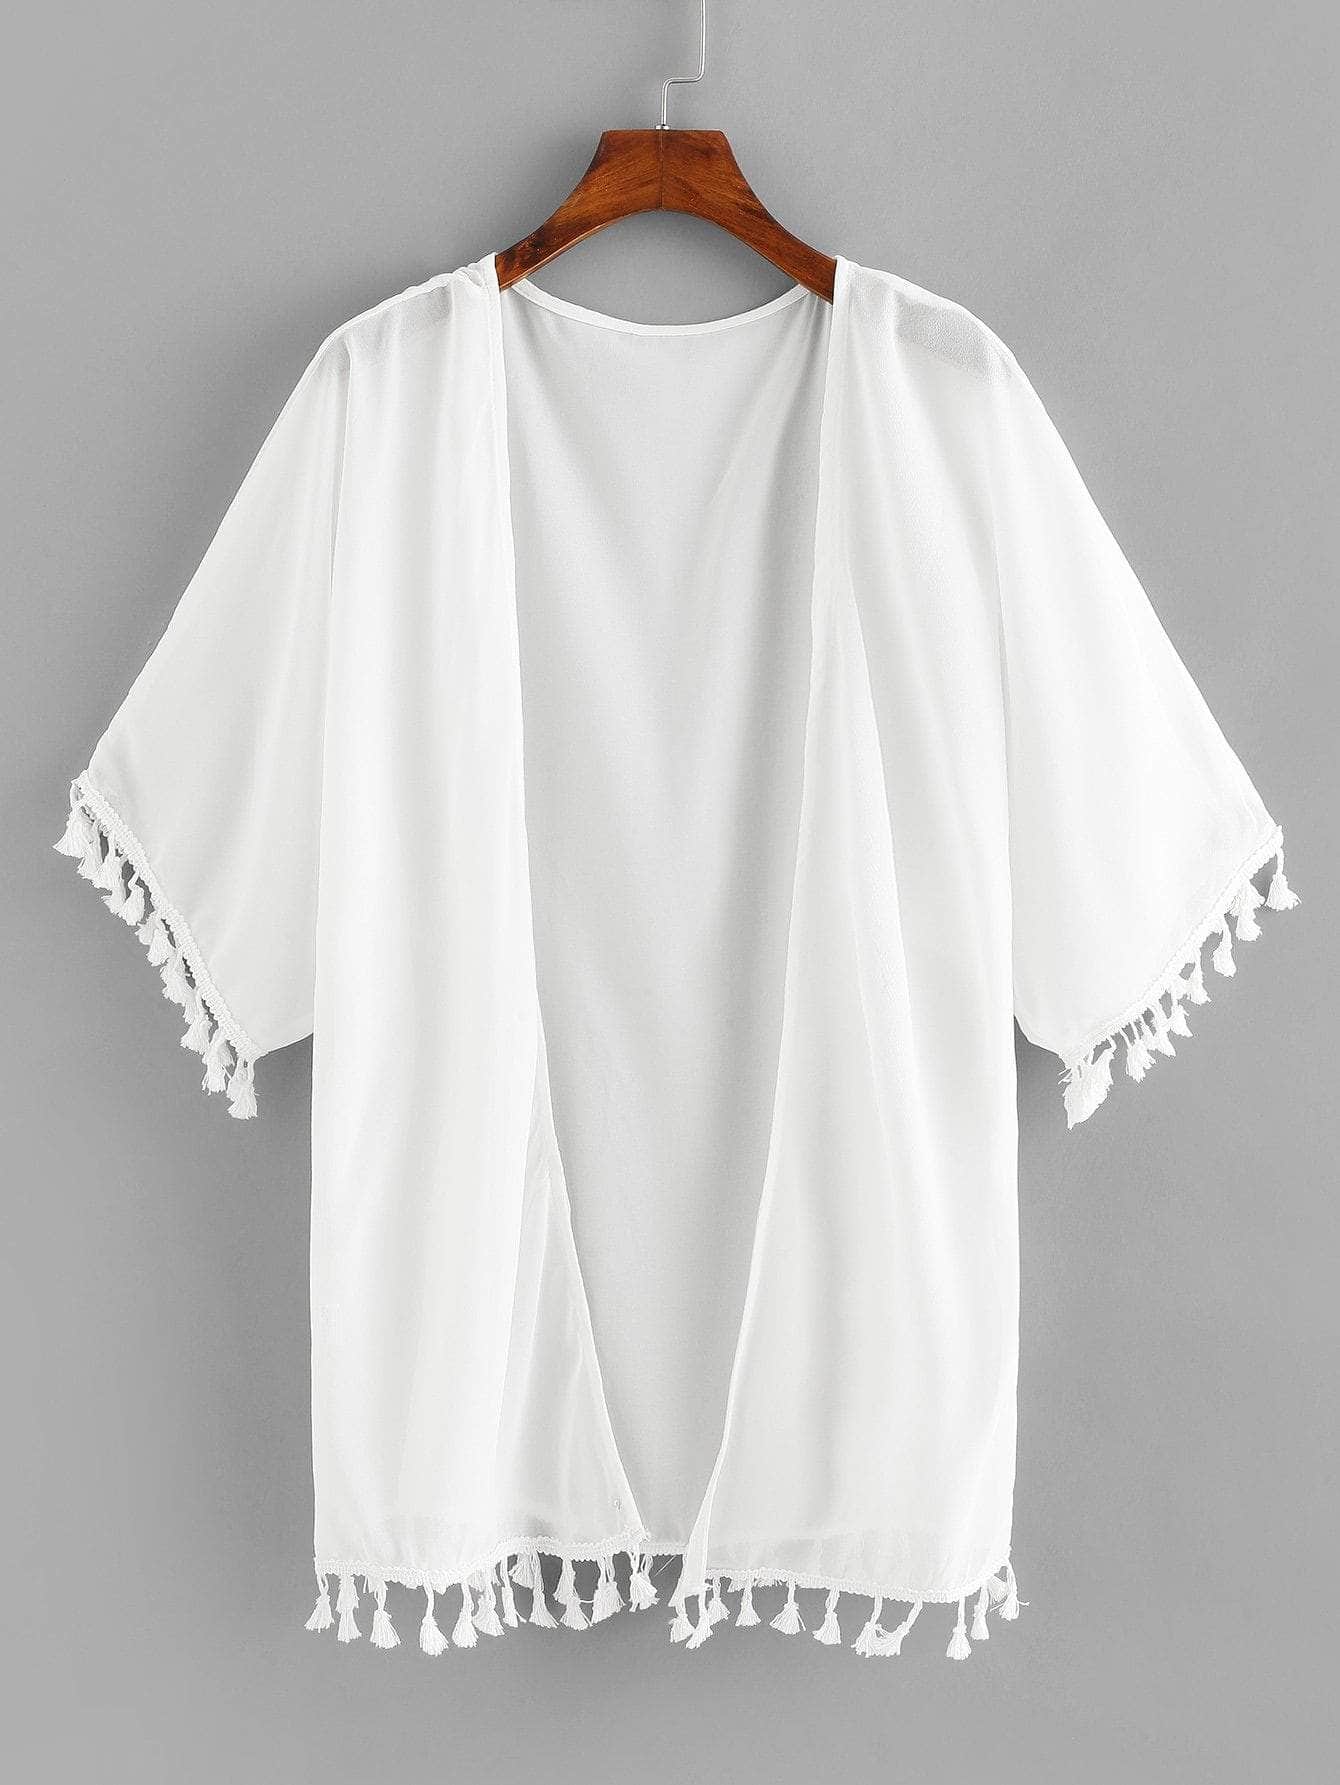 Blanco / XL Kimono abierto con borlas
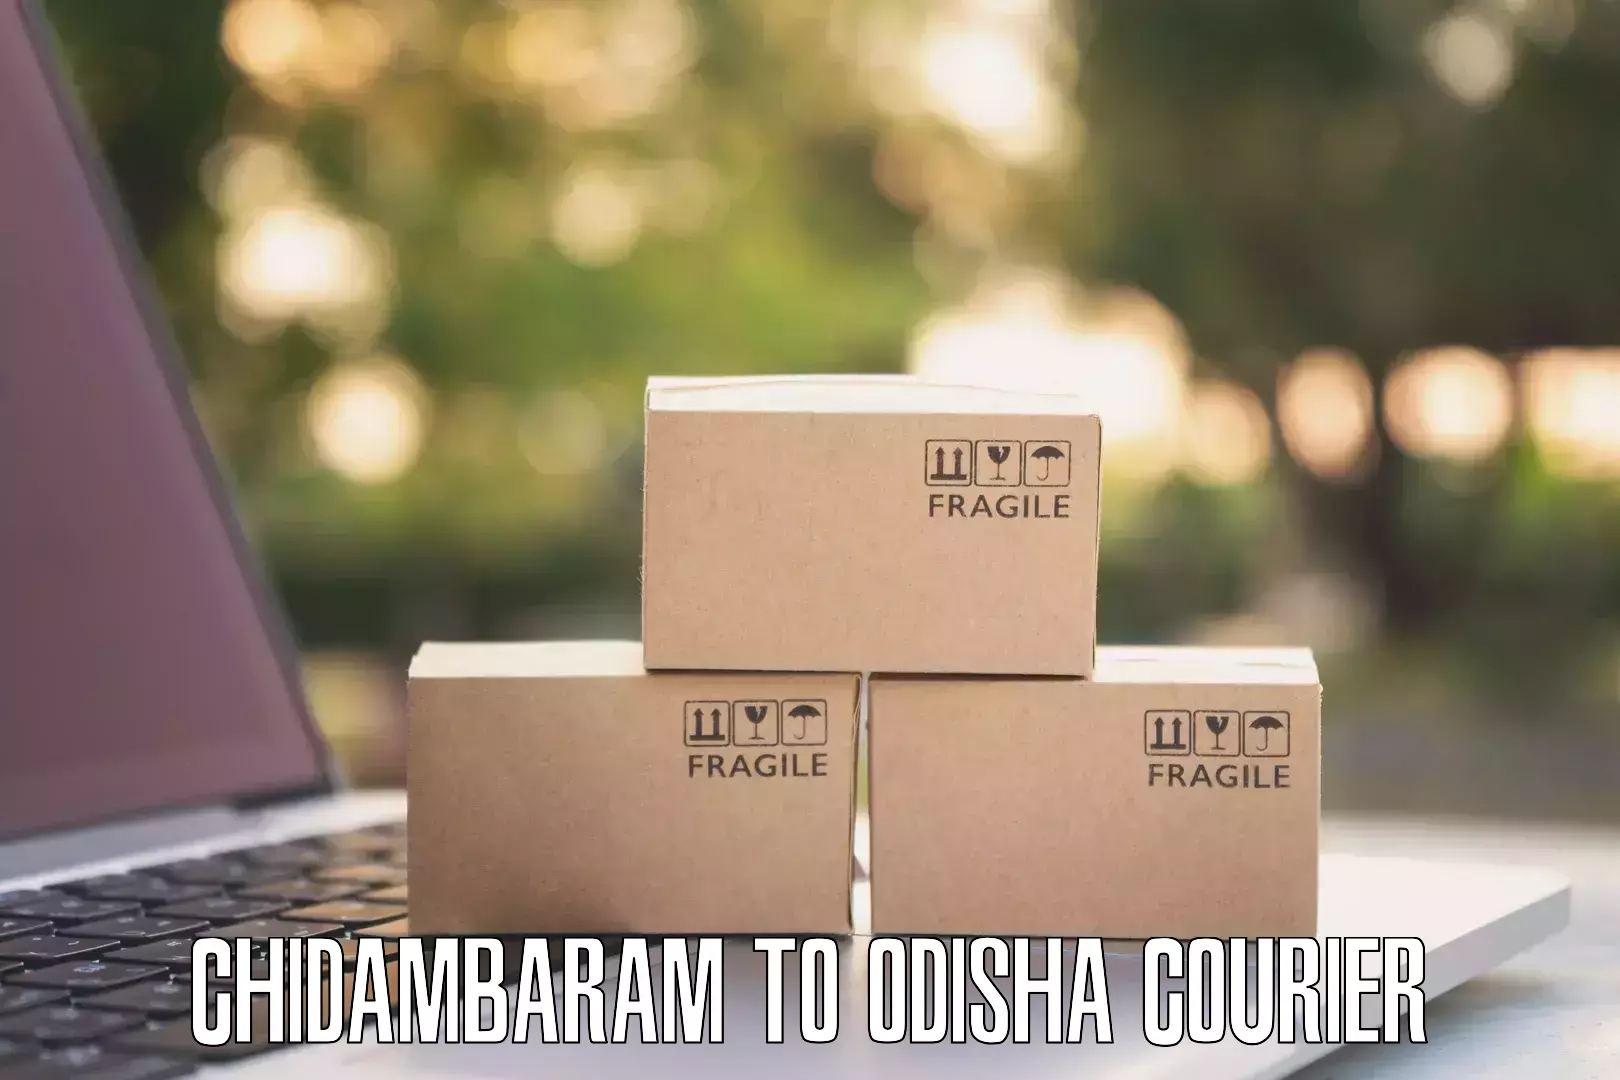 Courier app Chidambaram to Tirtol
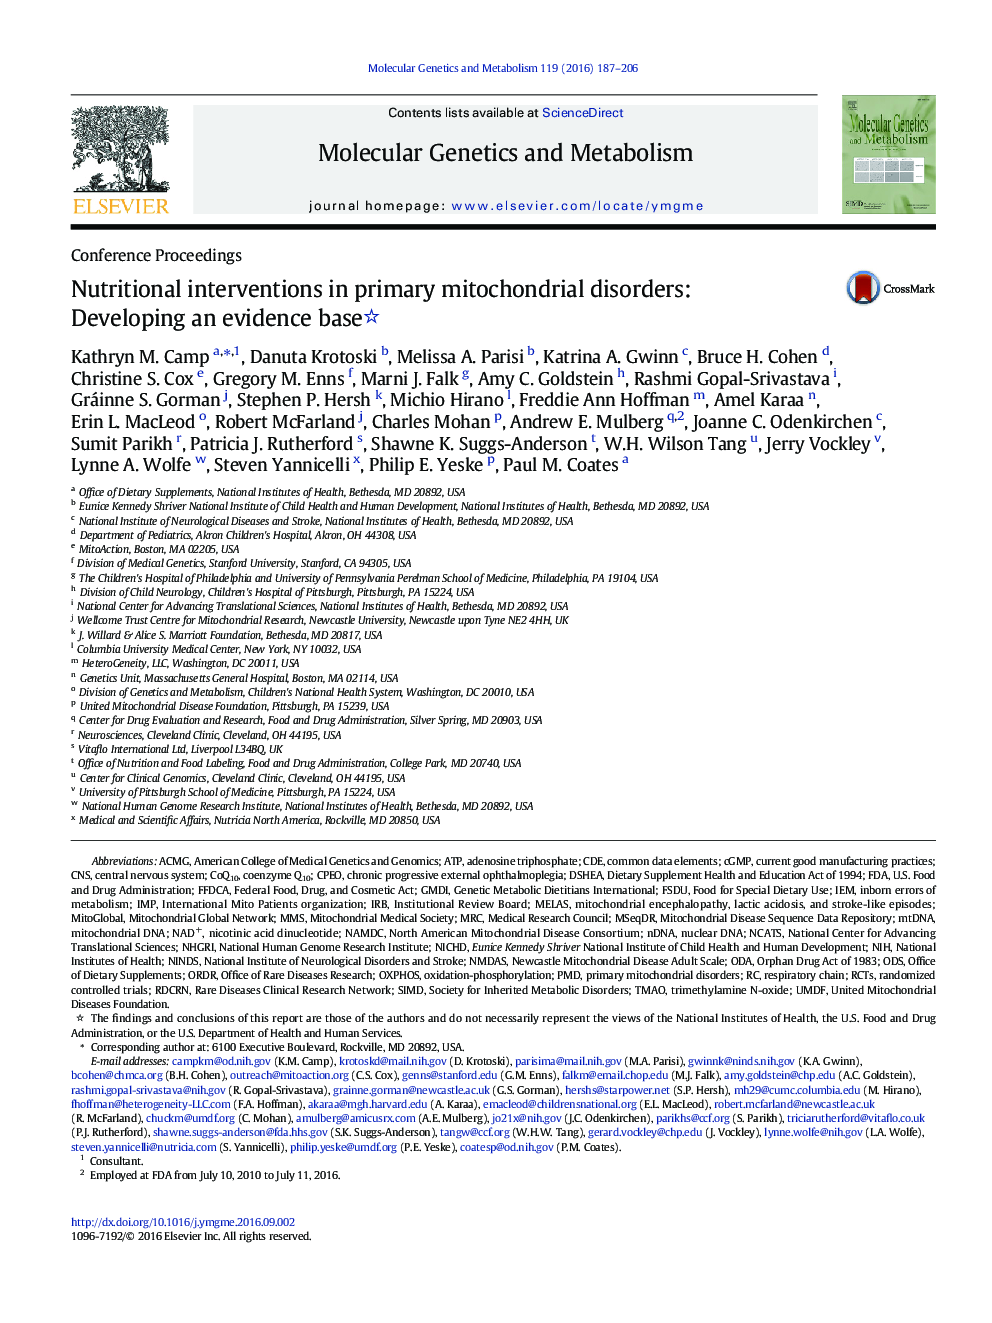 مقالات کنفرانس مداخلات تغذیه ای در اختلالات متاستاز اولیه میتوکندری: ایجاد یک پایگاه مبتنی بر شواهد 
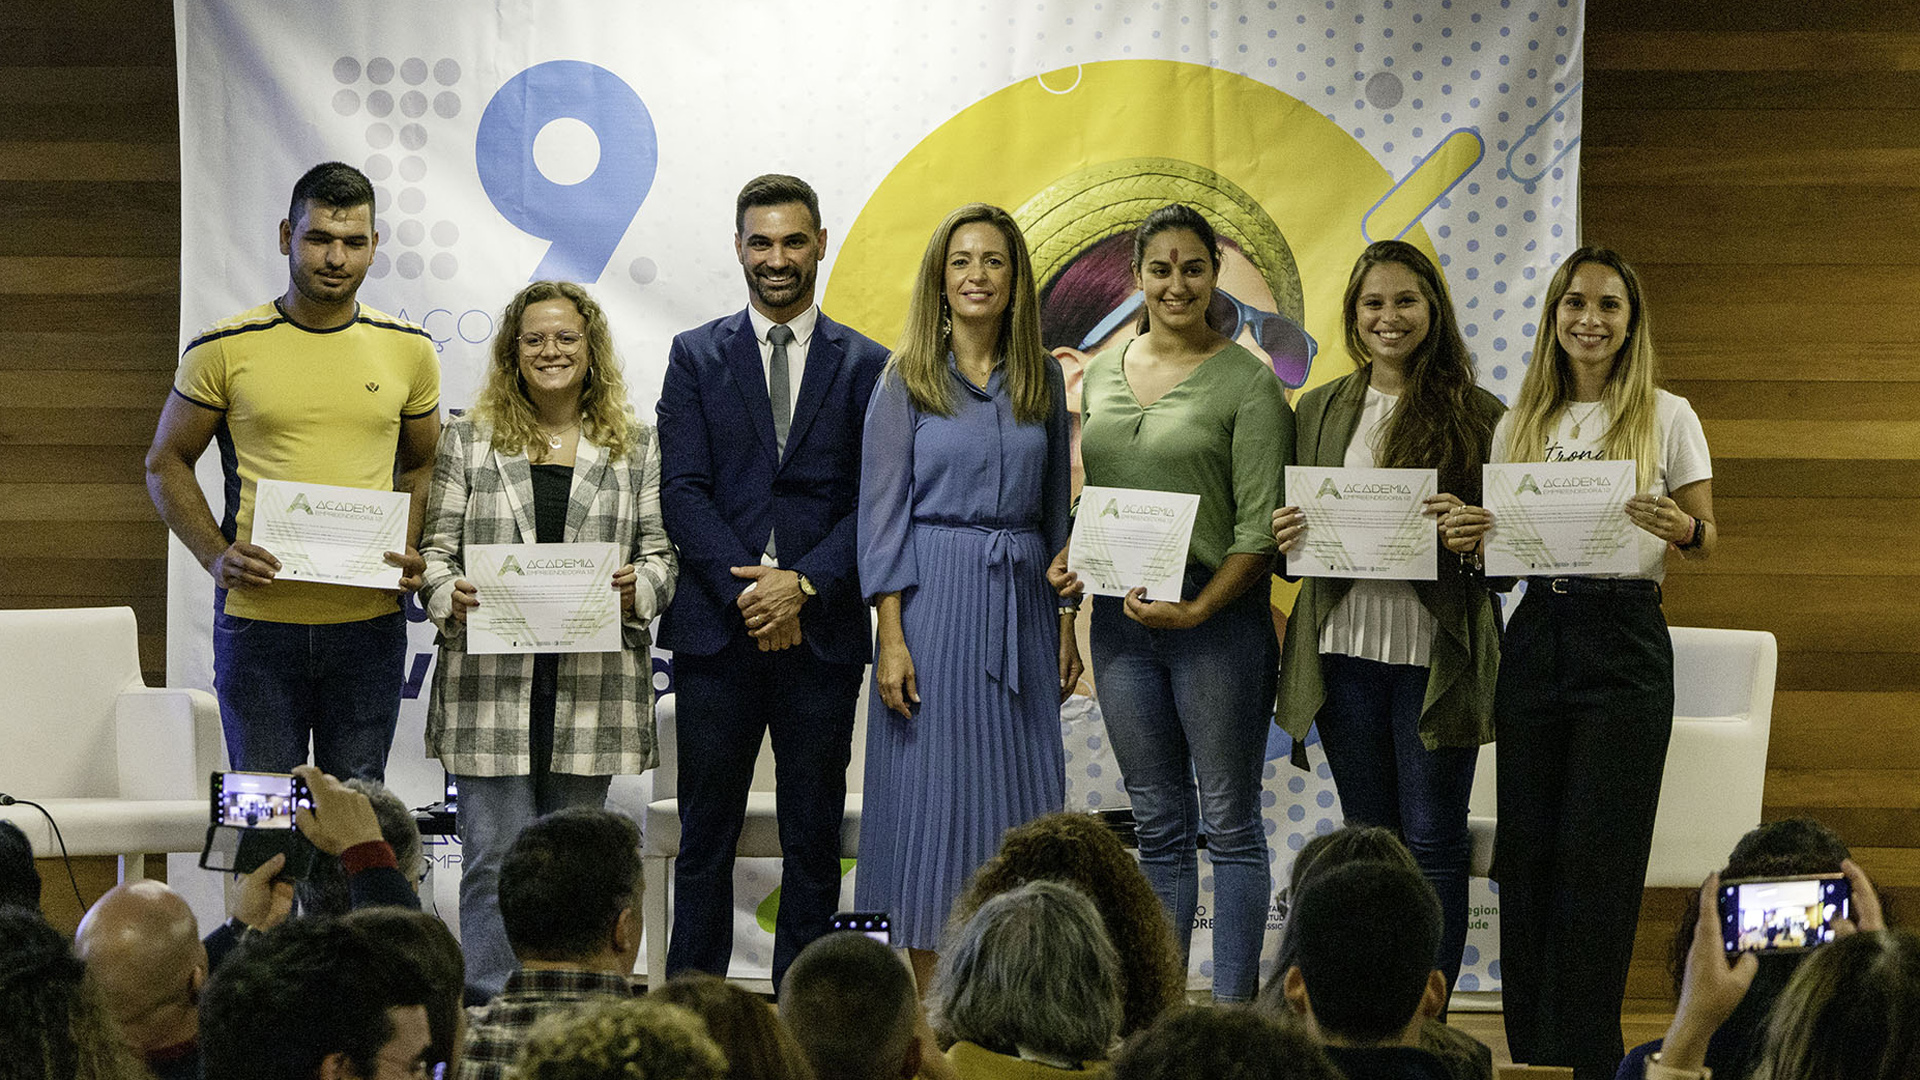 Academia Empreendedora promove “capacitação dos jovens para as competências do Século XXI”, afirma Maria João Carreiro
________________________
Work item:
Exact copy, pictures removed: set down the whole listing above.

Solution to this exercise:
 Blanco / XL Kimono abierto con borlas
 Courier app Chidambaram to Tirtol
 مقالات کنفرانس مداخلات تغذیه ای در اختلالات متاستاز اولیه میتوکندری: ایجاد یک پایگاه مبتنی بر شواهد 
 Academia Empreendedora promove “capacitação dos jovens para as competências do Século XXI”, afirma Maria João Carreiro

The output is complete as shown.